Jesús Giráldez Crú: Graph-based pseudo-industrial random SAT instance generators

PRACTICALITIES

Lunch is served at 12:00 noon (register at  this doodle  at the latest the Saturday before, but preferably earlier). The presentation starts at 12:10 pm and ends at 1 pm. Those of us who wish reconvene after a short break for 1½-2 hours of more technical discussions.

ABSTRACT

The Boolean Satisfiability problem (SAT) is the canonical NP-complete problem. However, Conflict-Driven Clause Learning (CDCL) SAT solvers are nowadays able to efficiently solve many industrial, or real-world, SAT instances -as hardware and software verification, cryptography, planning or scheduling, among others-. On the other hand, relatively small random SAT instances are still too hard. The common intuition to explain the success of CDCL solving industrial instances is the existence of some hidden structure in them (whereas random formulas would not show such structure). In some works, this structure is studied representing SAT instances as graphs and analyzing some graph features, showing that these features are shared by the majority of existing industrial SAT instances. Some examples are the scale-free structure or the community structure.

Unfortunately, the process of development and testing of new SAT solving techniques (specialized in industrial problems) is conditioned to the reduced number of existing industrial benchmarks. Therefore, the generation of random SAT instances that captures realistically some computational properties of such industrial instances is an interesting open problem.
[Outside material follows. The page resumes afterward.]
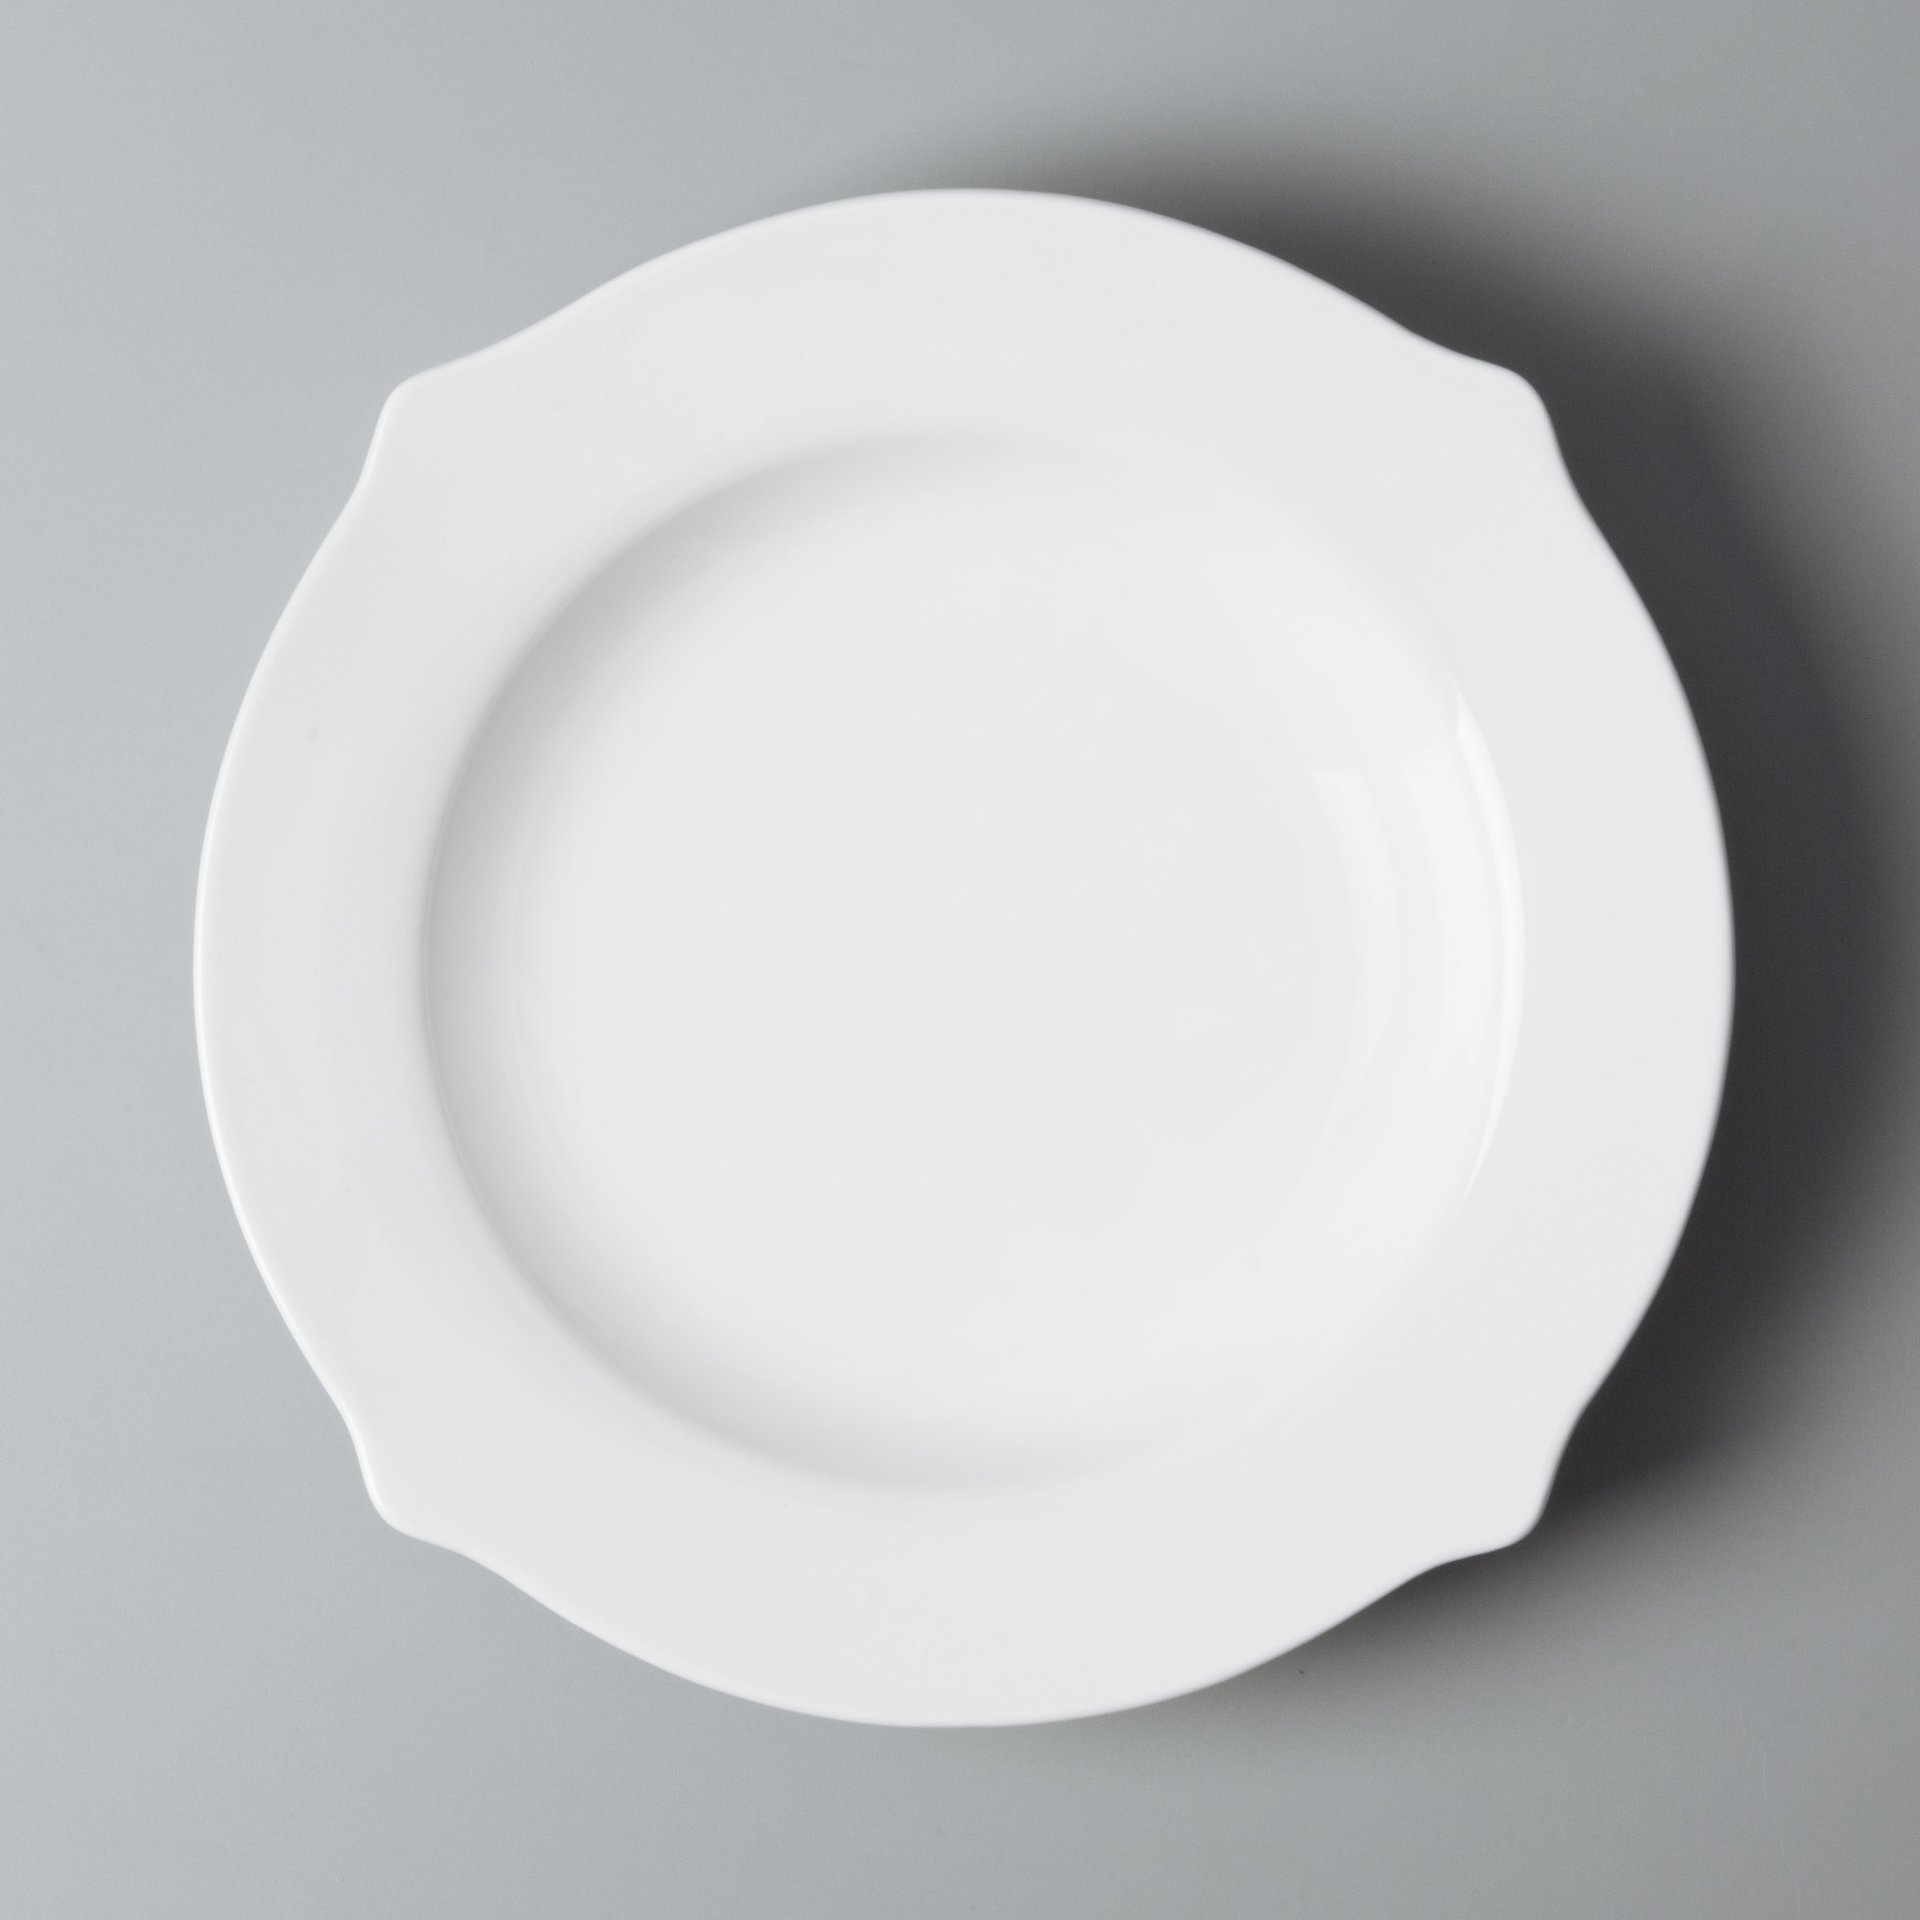 german vietnamese Two Eight Brand white porcelain tableware factory

In this talk, we review some models of pseudo-industrial random SAT instances generation. They are the scale-free model and the community attachment model, which are related to some well-known concepts in real-world complex networks: preferential attachment and high modularity, respectively. In the scale-free model, the number of variable occurrences k follows a power-law distribution P(k) \propto k^{-\alpha}. With the community attachment model, it is possible to generate SAT instances with clear community structure (i.e., high modularity). These models will be reviewed from the perspectives of both graphs and SAT instances. Finally, we discuss some models for generating complex networks -not adapted to SAT instances yet- that may reduce the limitations of the previous models.